Posts Tagged ‘nso’

Ralf’s Northern Sotho speech model

Thursday, May 17th, 2012

Some words about the creation of this speech model:

1. Download Ralf’s Northern Sotho dictionary.
2. Create a Simon scenario with the name NorthernSotho.
3. Import the dictionary as shadow dictionary.
4. I want to train five words.
5. Add as grammar the word “Unknown”. Add the dictation plugin.
6. Actions > Synchronize. Actions > Activate. Here are my recognition results:

dikati ditofo Guest kobokela Guest Guest

Simon recognized Guest instead of Lenhard. Never mind.

7. Download Ralf’s Northern Sotho speech model.

Ralf’s Northern Sotho dictionary

Saturday, May 22nd, 2010

How I create Ralf's Northern Sotho dictionary:

1. Get spelling dictionary. License is LGPL. I will do a conversion from LGPL to GPL:

“One feature of the LGPL is that one can convert any LGPLed piece of software into a GPLed piece of software (section 3 of the license). This feature is useful for direct reuse of LGPLed code in GPLed libraries and applications, or if one wants to create a version of the code that cannot be used in proprietary software products.”

2. There is no ISO 639-1 language code. I will use ISO 639-2 nso instead.

3. Off-topic: I am editing espeak2ipa.xsl now for all espeak languages. Take a look into this PDF. Replacing the following phonemes:

replace($espeak2ipa, 'r', 'ɹ') (except German de)
replace($espeak2ipa, 'A', 'ɑ')
replace($espeak2ipa, 'B', 'β')
replace($espeak2ipa, 'H', 'ħ')
replace($espeak2ipa, 'J', 'ɟ')
replace($espeak2ipa, 'L', 'ɫ')
replace($espeak2ipa, 'Q', 'ɣ')
replace($espeak2ipa, 'R', 'ɚ')
replace($espeak2ipa, 'T', 'θ')
replace($espeak2ipa, 'V', 'ʌ')
replace($espeak2ipa, 'X', 'χ')
replace($espeak2ipa, '\?', 'ʔ')
replace($espeak2ipa, '&', 'æ')
replace($espeak2ipa, '\*', 'ɾ')

4. Convert encoding of .dic file via Ubuntu terminal:

ubuntu@ubuntu-desktop:~$ iconv -f ISO8859-15 -t UTF-8 < /home/ubuntu/Documents/201005/northern-sotho/ns_ZA.dic > /home/ubuntu/Documents/201005/northern-sotho/northern-sotho-utf8.dic

Yes, obviously thanks to the conversion there are no garbage characters any more. Should I convert .aff, too? Yes, I will try that.

5. Convert .aff file:

ubuntu@ubuntu-desktop:~$ iconv -f ISO8859-15 -t UTF-8 < /home/ubuntu/Documents/201005/northern-sotho/ns_ZA.aff > /home/ubuntu/Documents/201005/northern-sotho/northern-sotho-utf8.aff

6. Change the line in the file northern-sotho-utf8.aff that contains the information SET ISO8859-15 to SET UTF-8.

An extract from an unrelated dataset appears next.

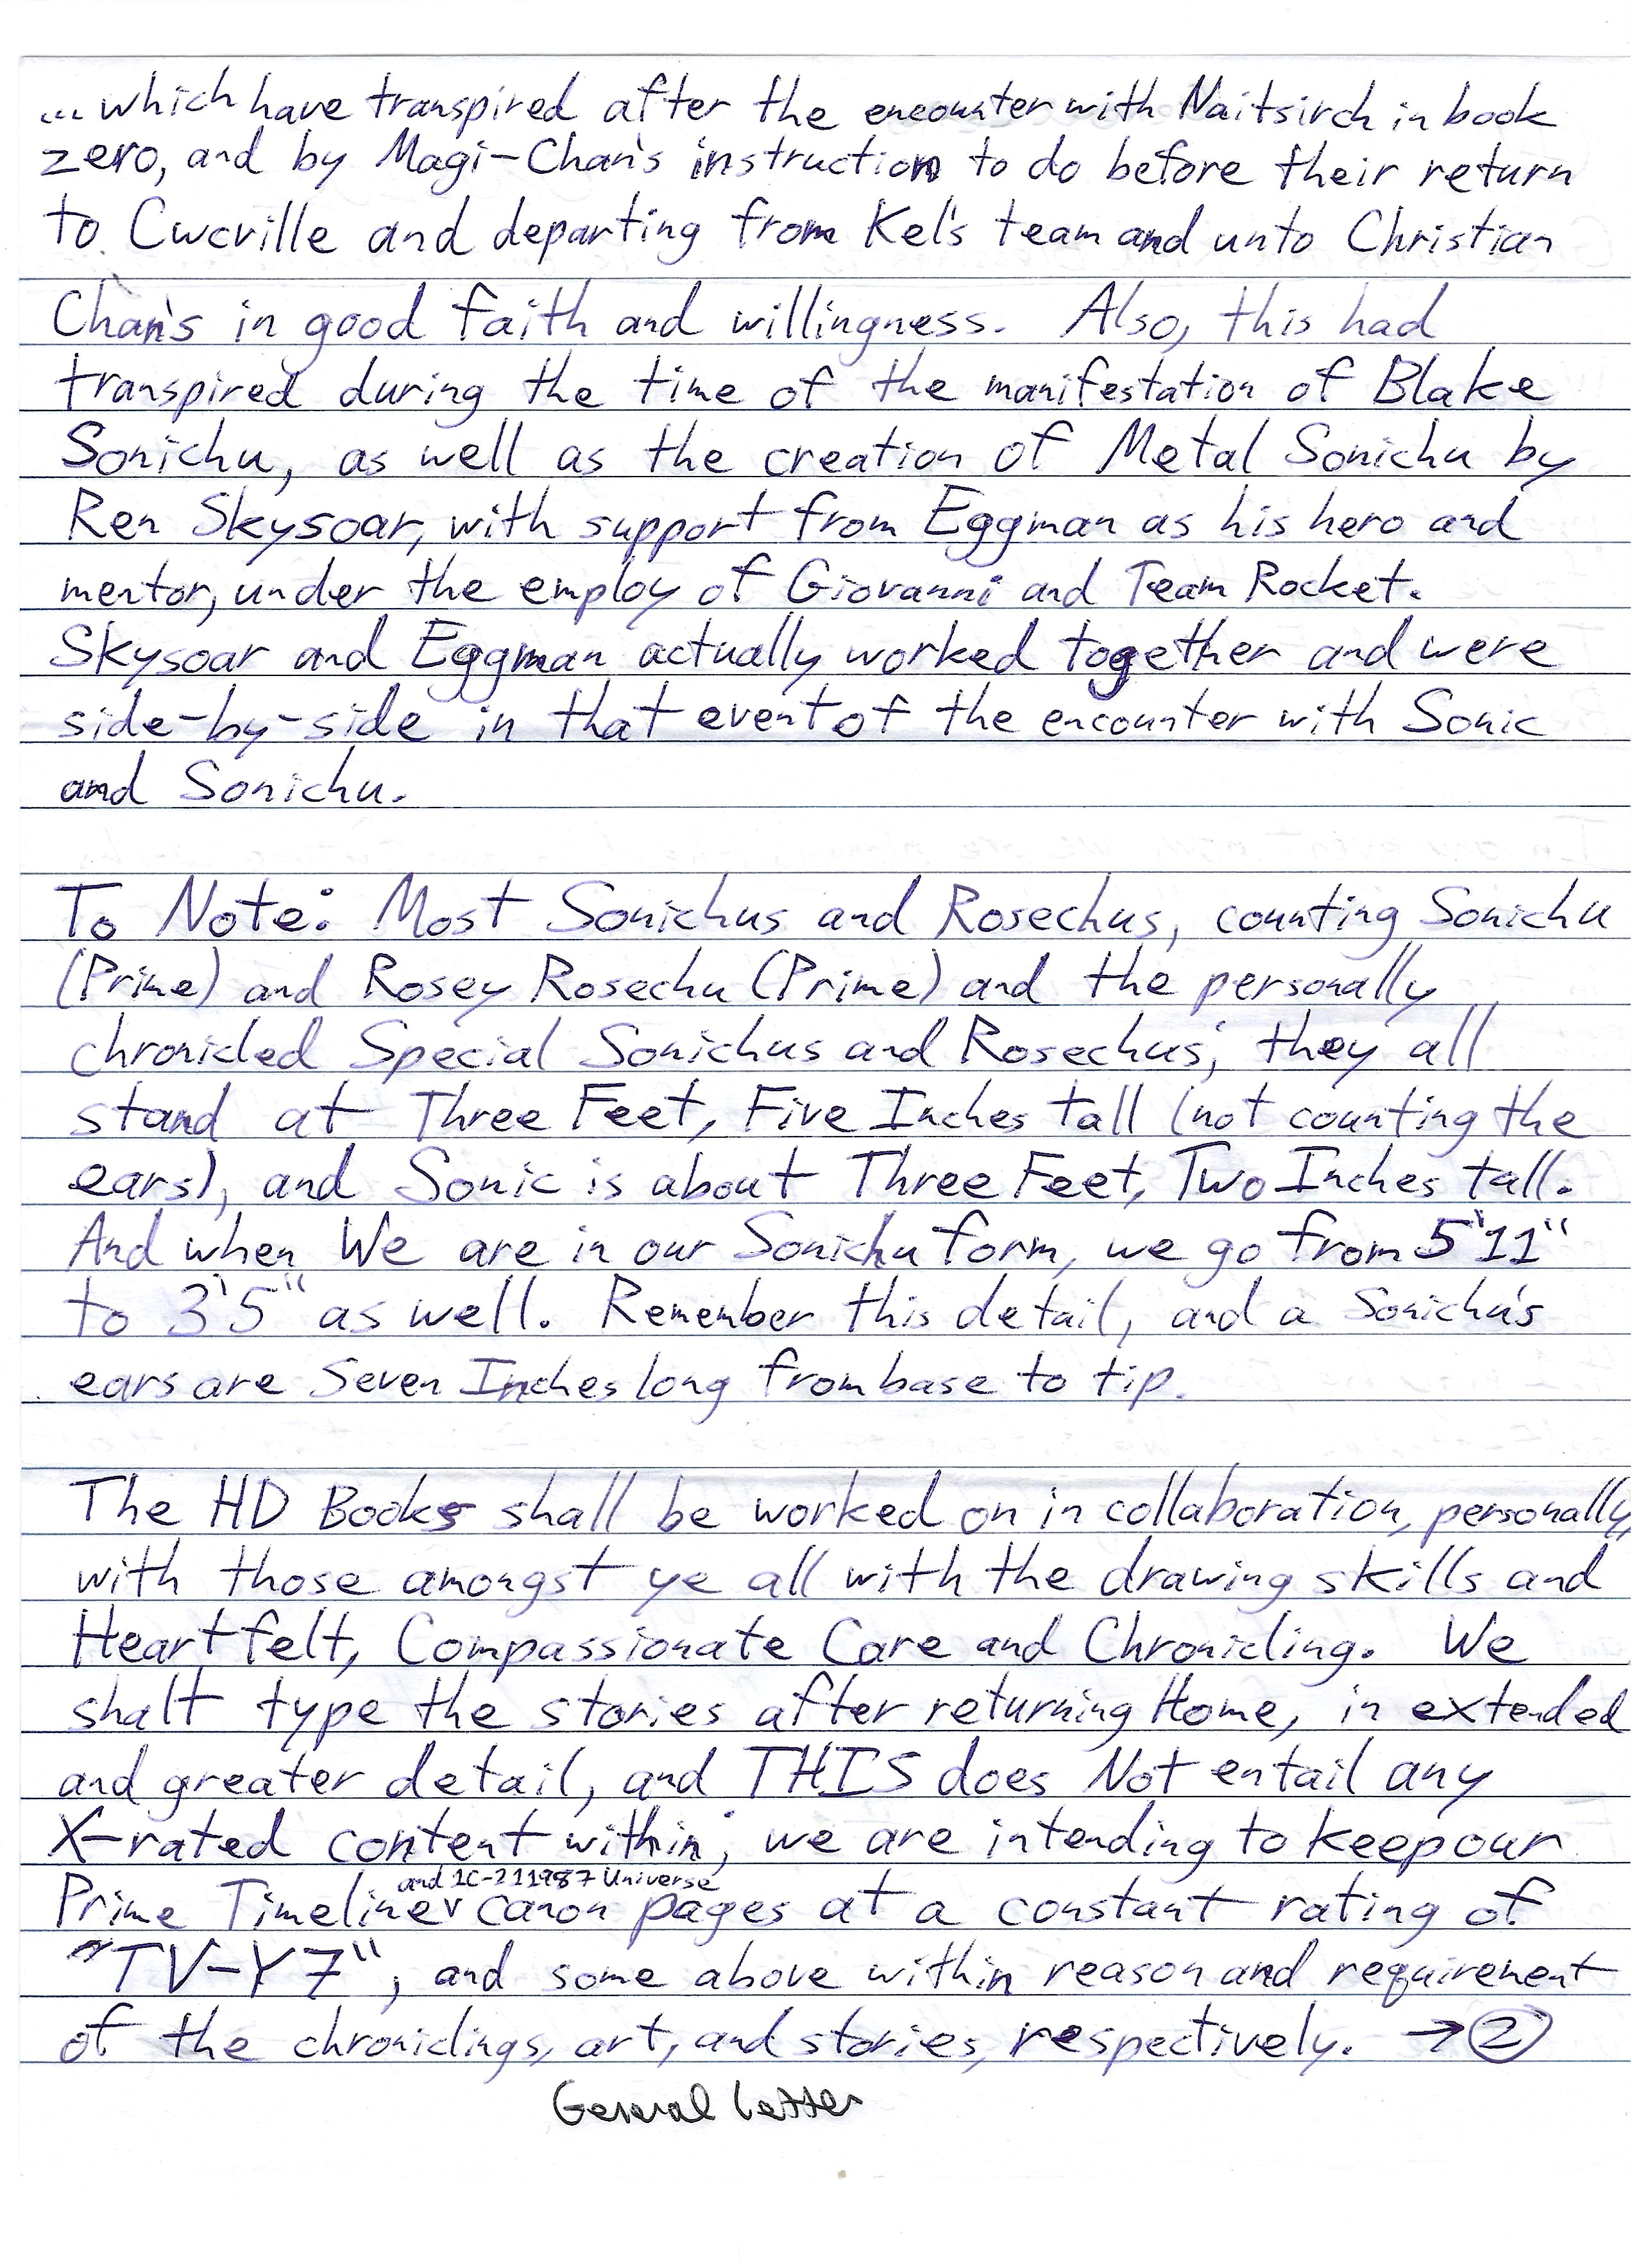 General Letter Page 2.jpg

7. Try to generate Northern Sotho word list:

ubuntu@ubuntu-desktop:~$ unmunch /home/ubuntu/Documents/201005/northern-sotho/northern-sotho-utf8.dic /home/ubuntu/Documents/201005/northern-sotho/northern-sotho-utf8.aff > /home/ubuntu/Documents/201005/northern-sotho/northern-sotho

The command was “successful”. The result document contains as much words as the source documents. So I didn’t gain any words by using the unmunch command. At least, you can learn from me how to work with OpenOffice.org spelling dictionaries for PLS dictionary generation.

8. Add <lexicon> at the beginning of northern-sotho-utf8.dic. Add </lexicon> at the end.

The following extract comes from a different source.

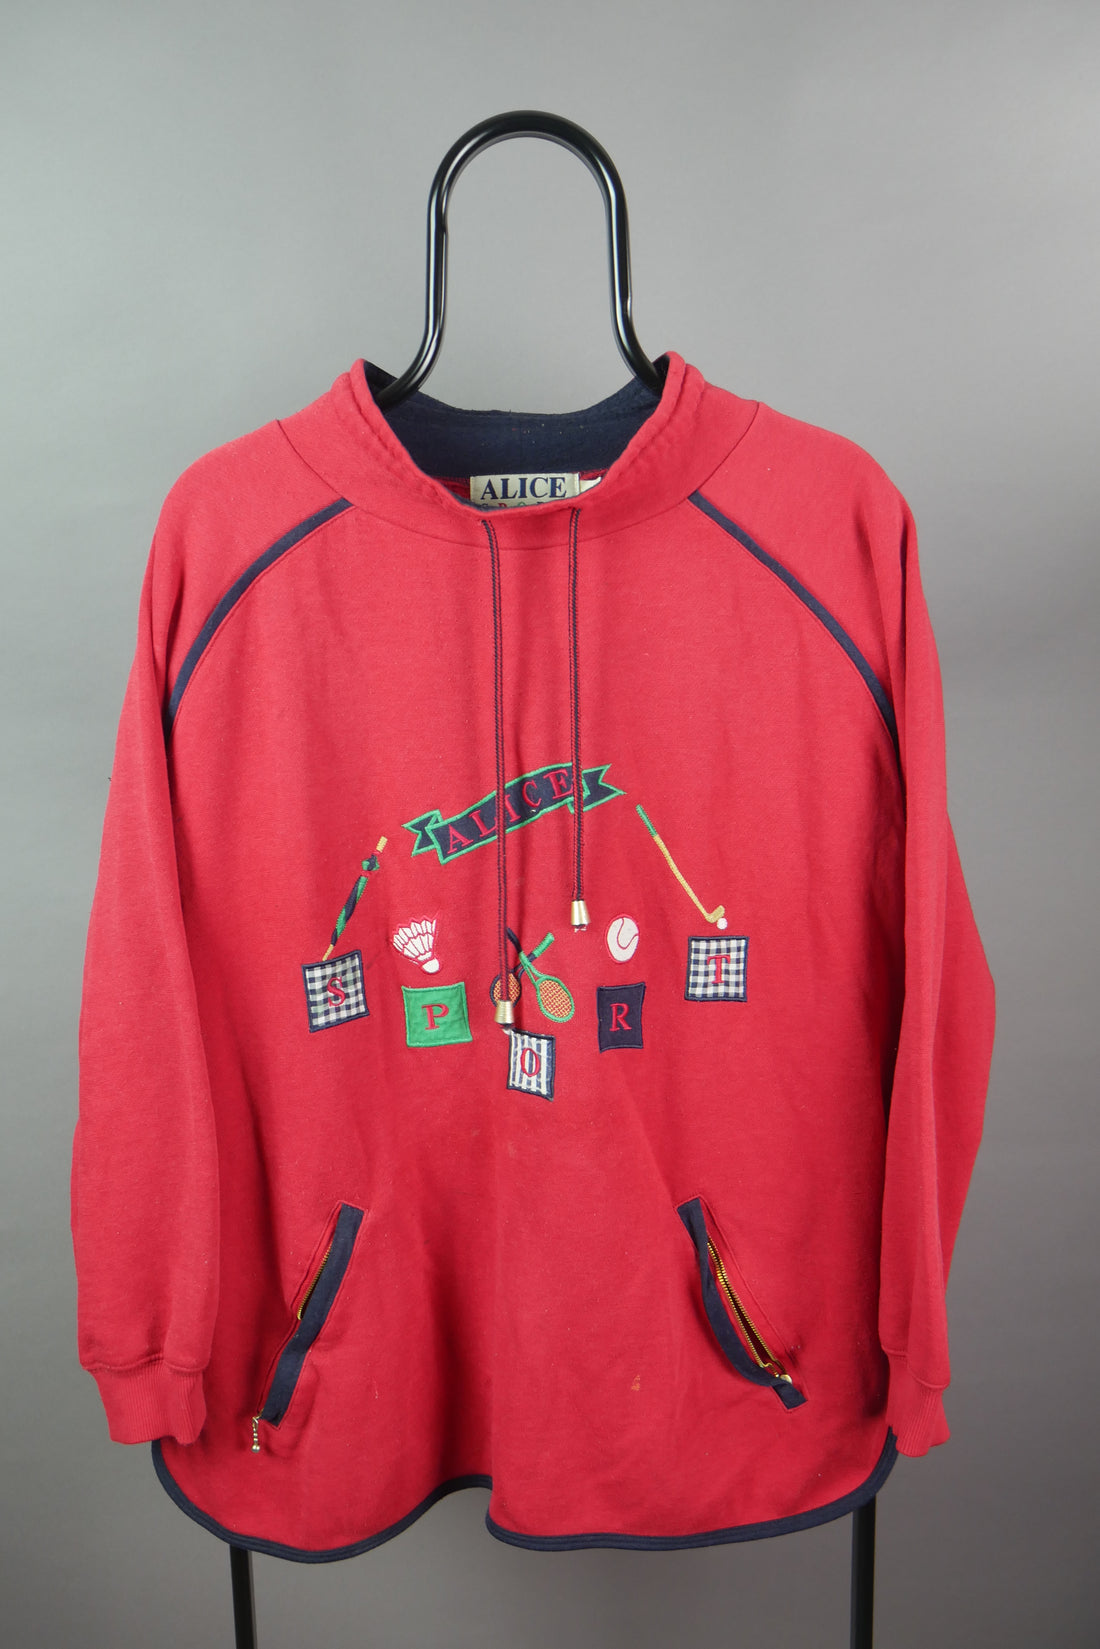 The Vintage Alice Sports Sweatshirt (L)

9. Generate .xml document:

ubuntu@ubuntu-desktop:~$ saxonb-xslt -s:/home/ubuntu/Documents/201005/northern-sotho/northern-sotho-utf8.dic -xsl:'http://spirit.blau.in/simon/files/2010/04/create-xml-file.xsl' -o:/home/ubuntu/Documents/201005/northern-sotho/northern-sotho.xml

10. Maybe I should use the Sesotho phonology for grapheme to phoneme conversion.

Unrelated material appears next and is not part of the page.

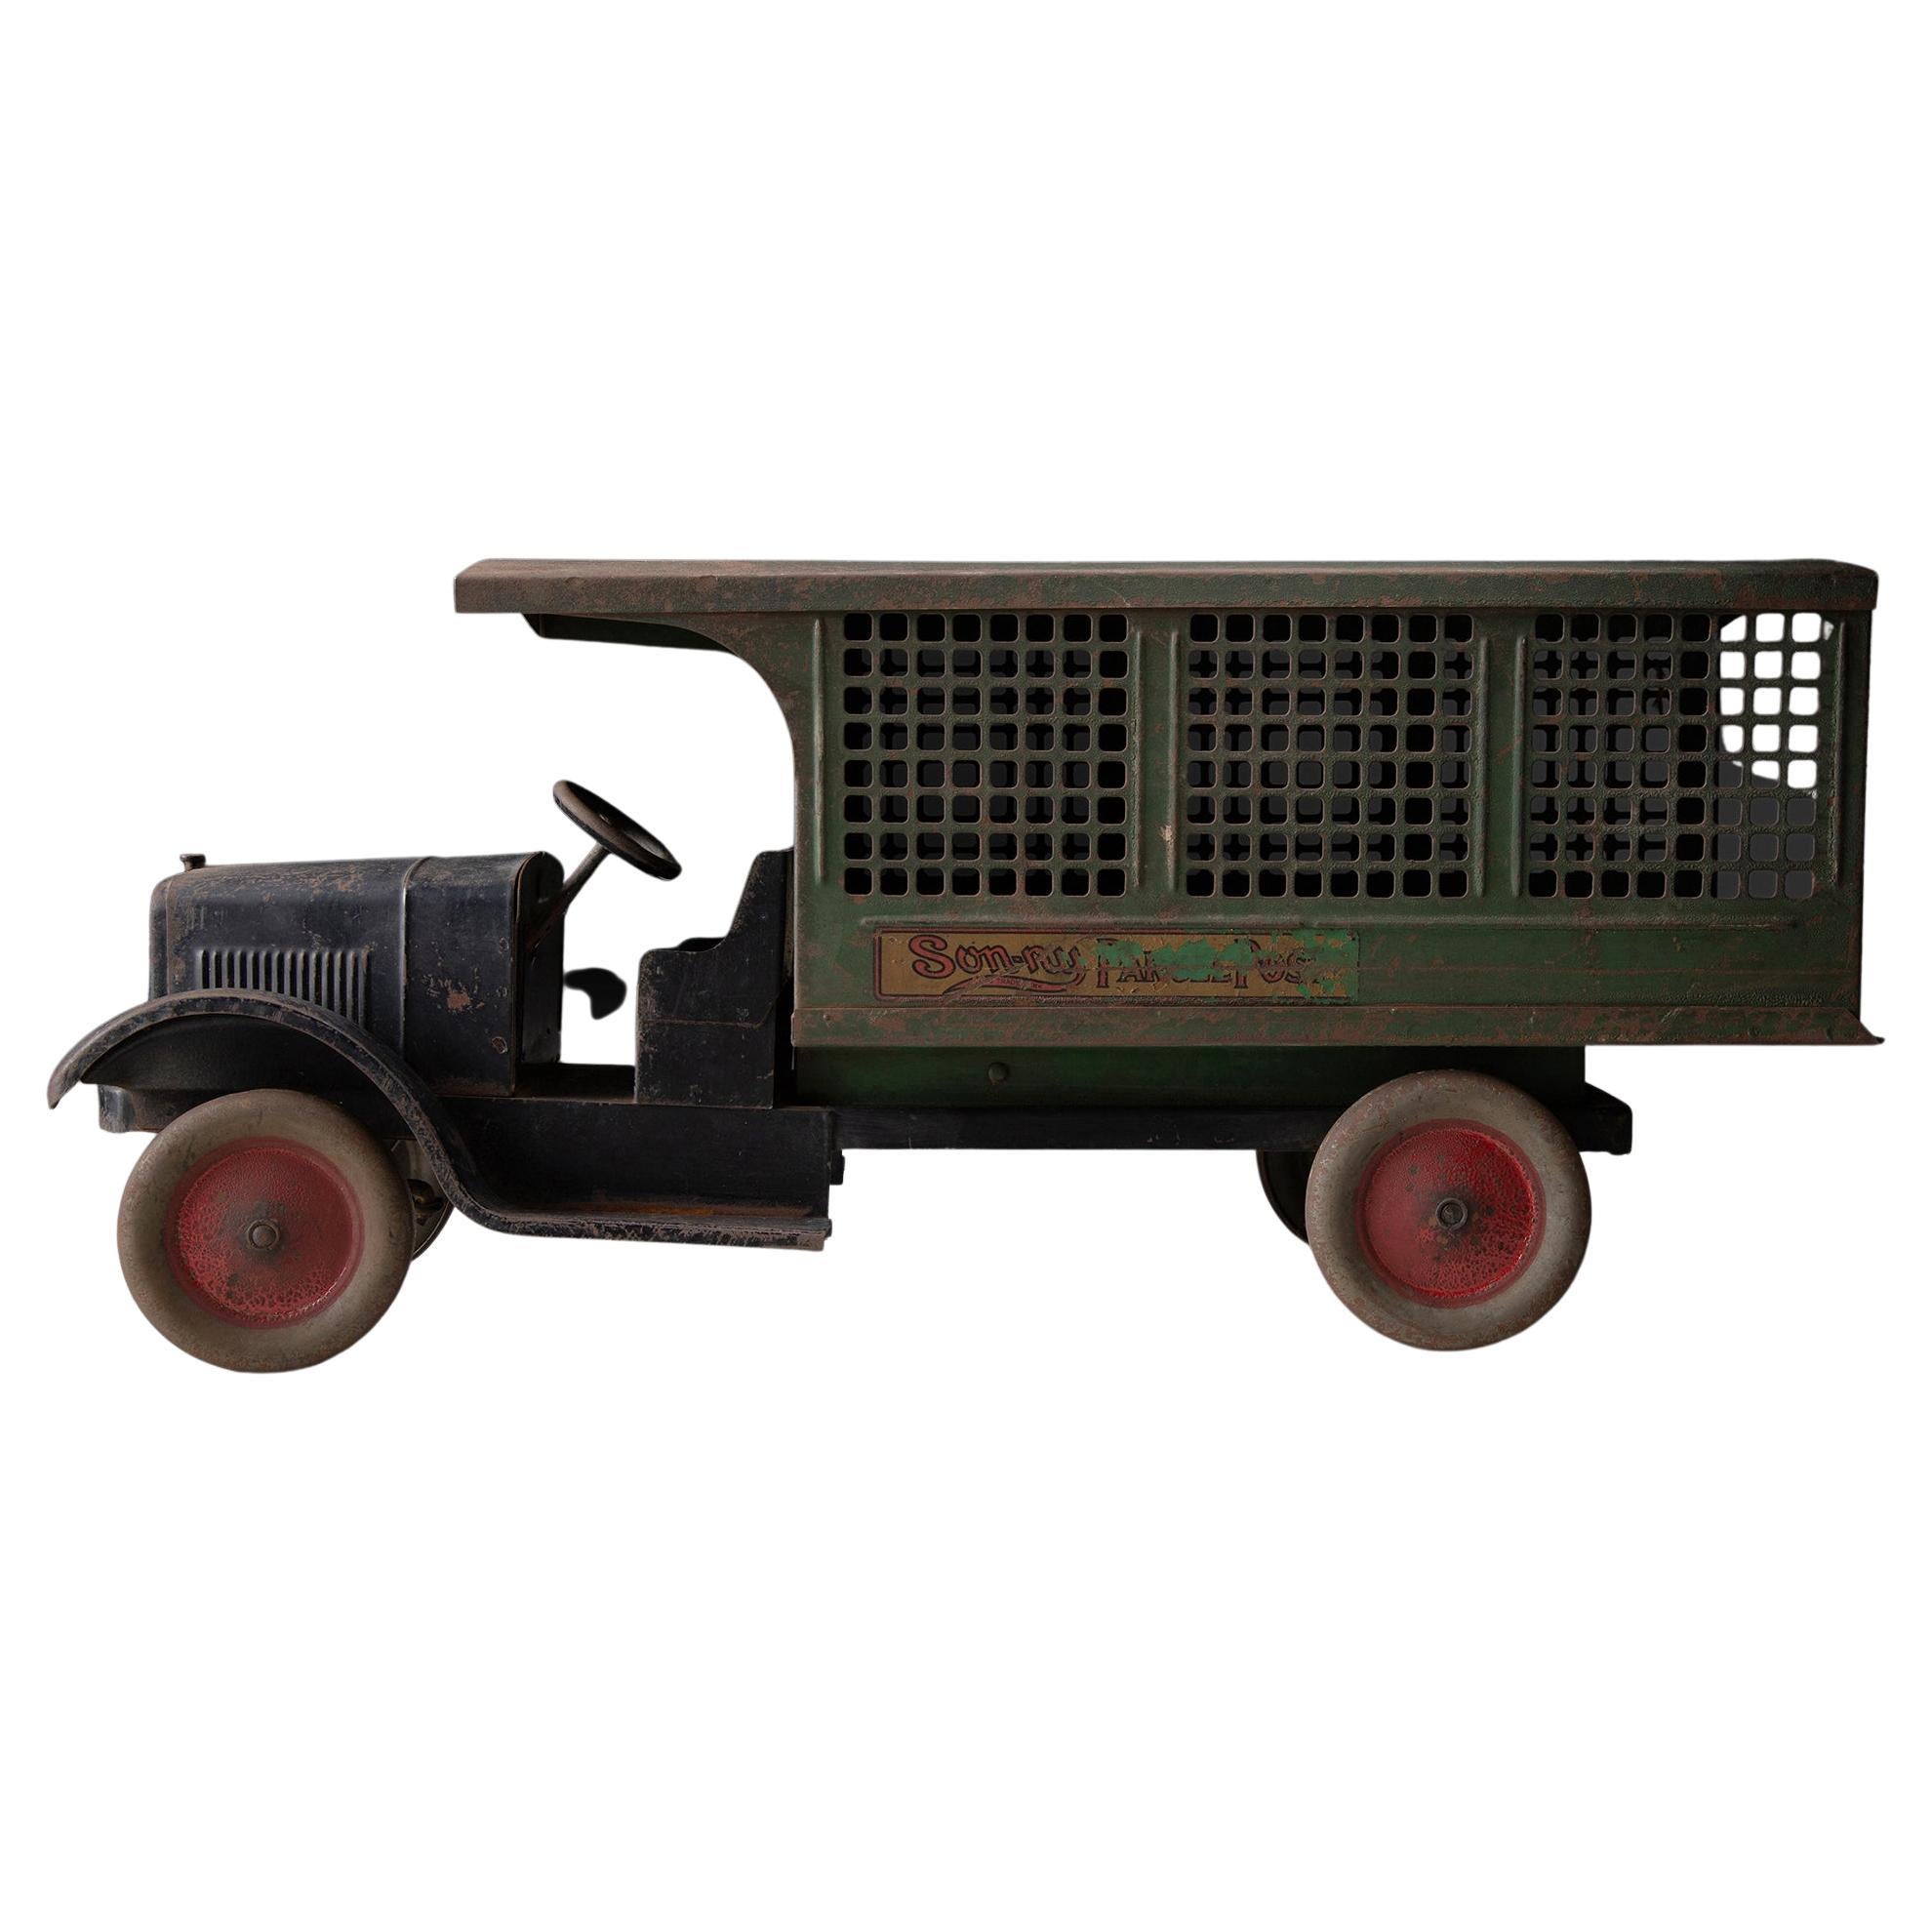 Dayton Sonny Parcel Post Toy Truck, America circa 1926

11. Generate <phoneme> elements:

ubuntu@ubuntu-desktop:~$ saxonb-xslt -s:/home/ubuntu/Documents/201005/northern-sotho/northern-sotho.xml -xsl:'/home/ubuntu/Documents/201005/northern-sotho/improve-northern-sotho.xsl' -o:/home/ubuntu/Documents/201005/northern-sotho/northern-sotho-dictionary.xml

12. Download Ralf's Northern Sotho dictionary, and import it into simon.